#### Task objective
The output should match, line for line, the records from the line containing "eurocoaster.jpg" through the line containing "Plumcake di pane con noci e albicocche", with every picture left out.
======== Source information ========
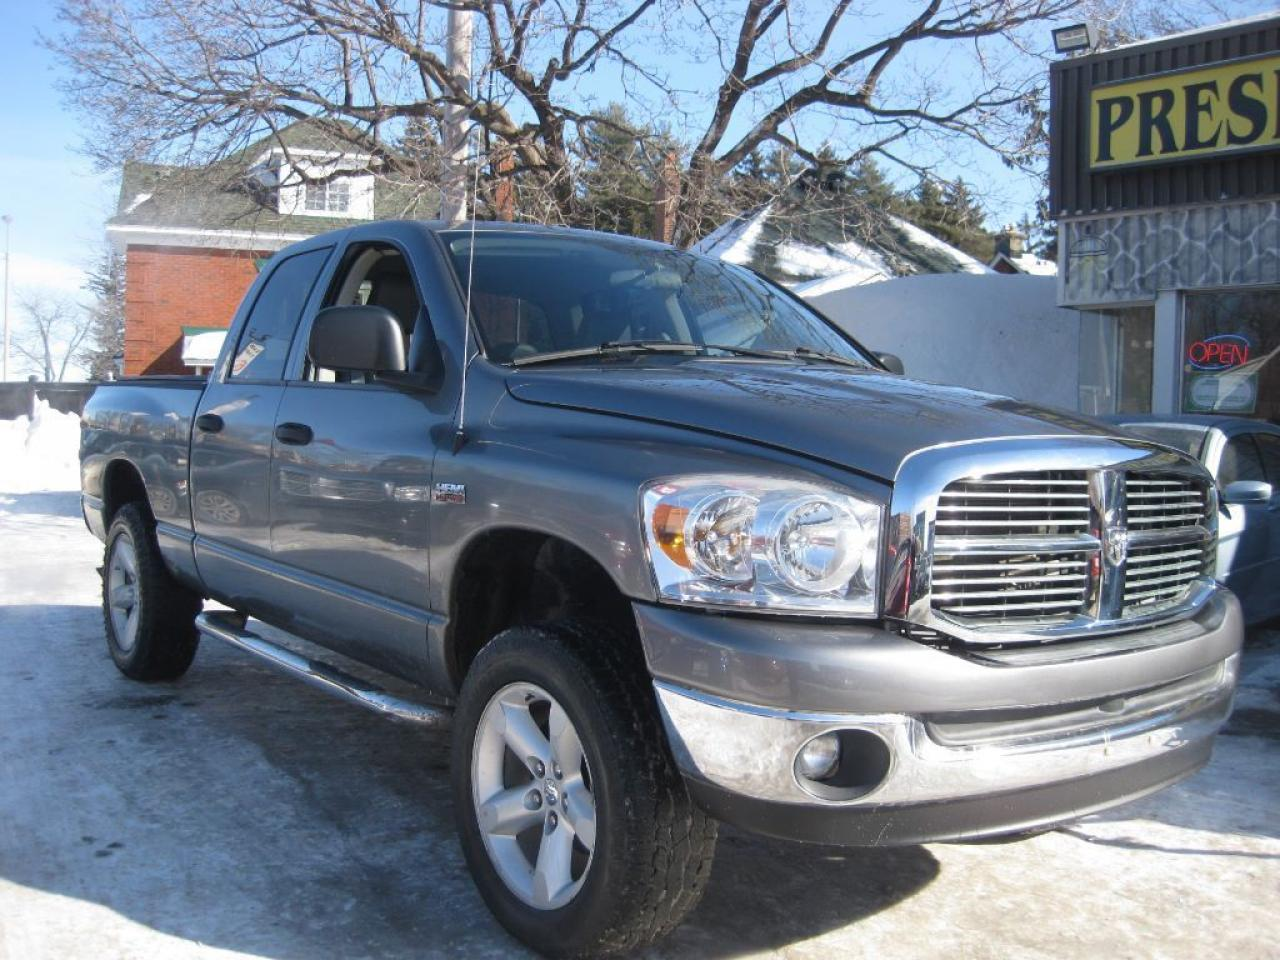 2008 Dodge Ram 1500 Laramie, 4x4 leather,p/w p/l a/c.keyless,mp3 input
========
======== Source information ========
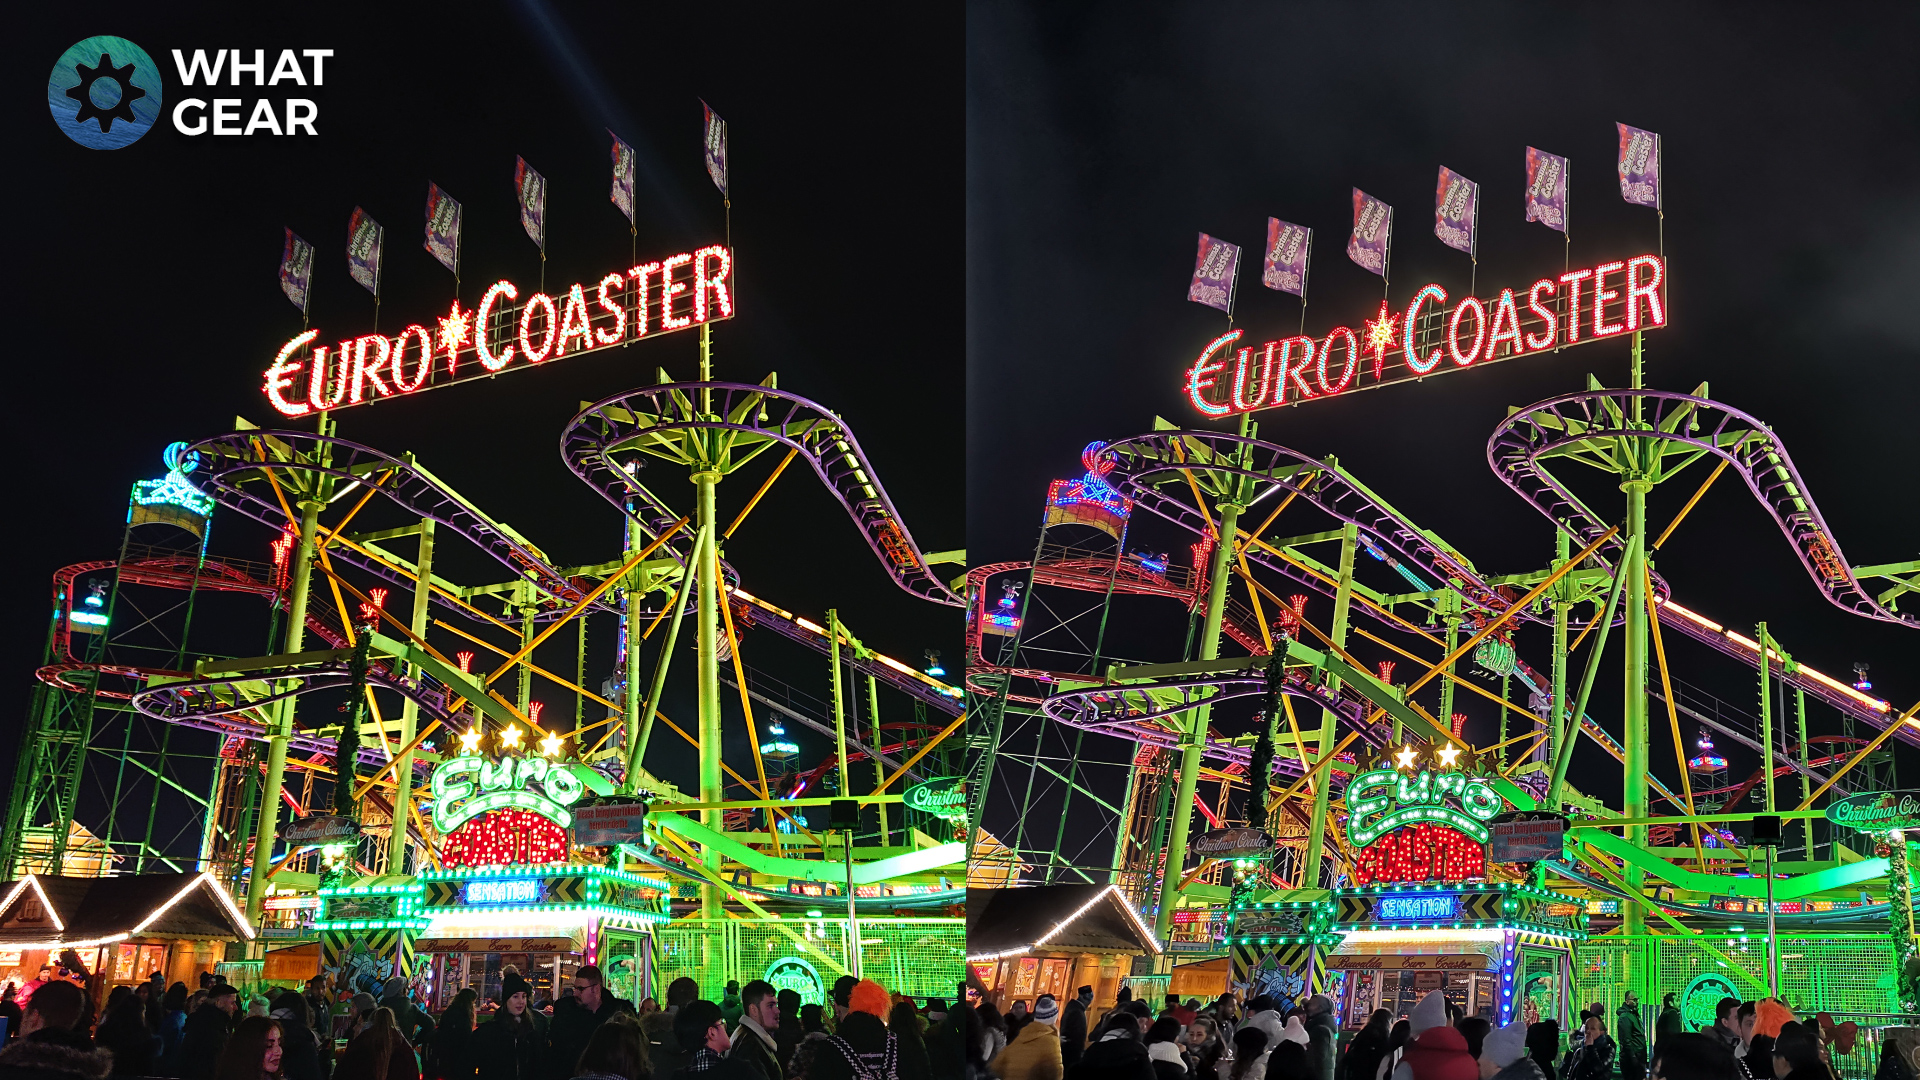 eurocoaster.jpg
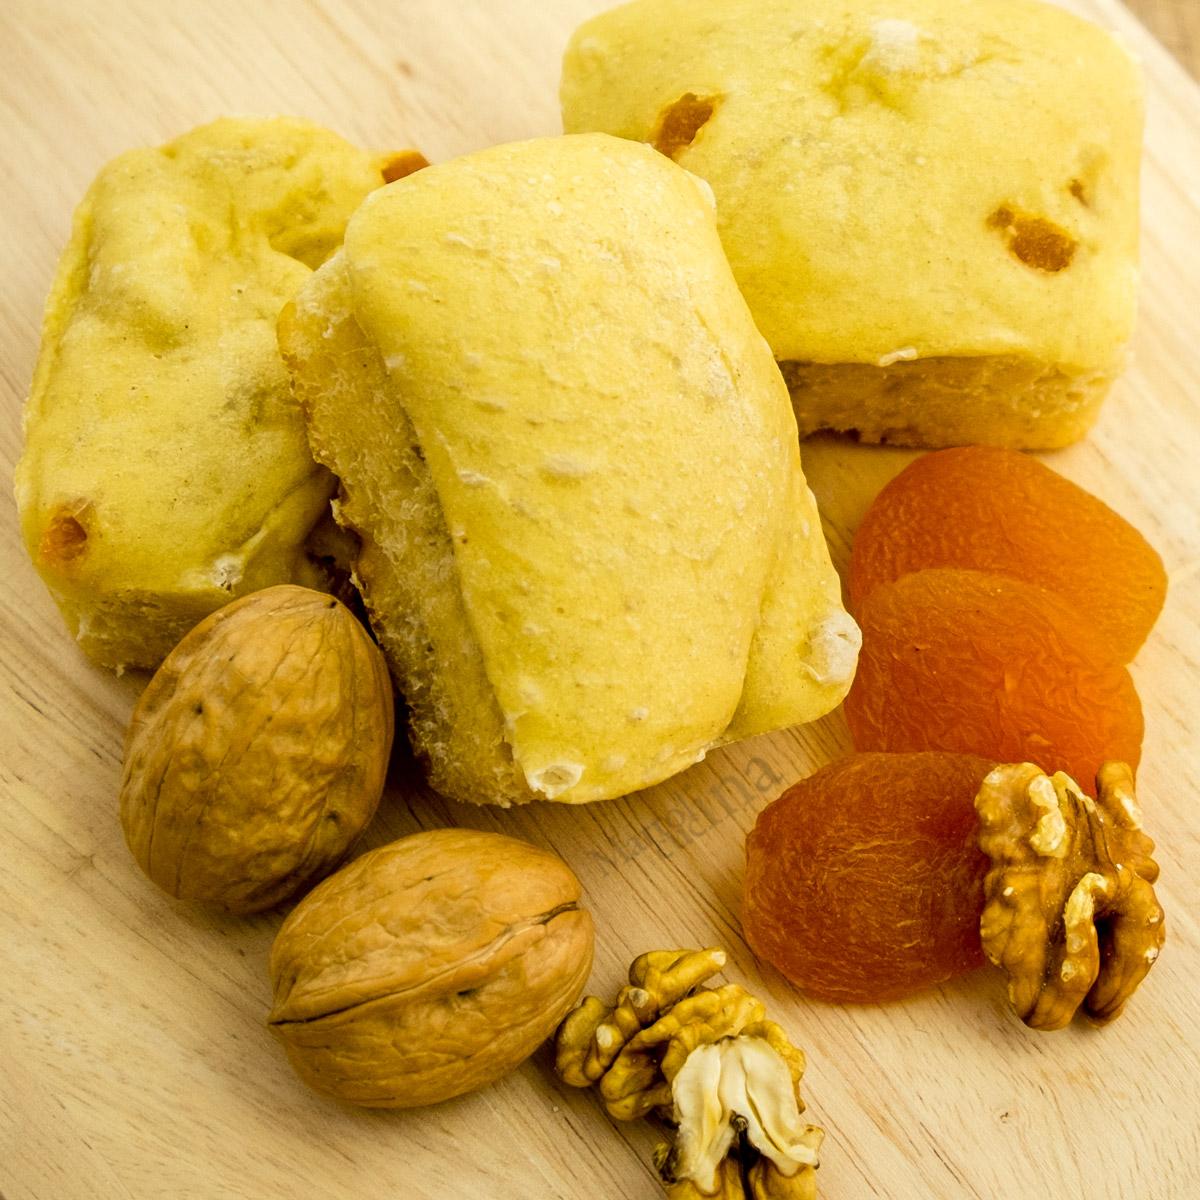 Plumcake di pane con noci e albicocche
========
#### Output for this exercise
 eurocoaster.jpg
 Plumcake di pane con noci e albicocche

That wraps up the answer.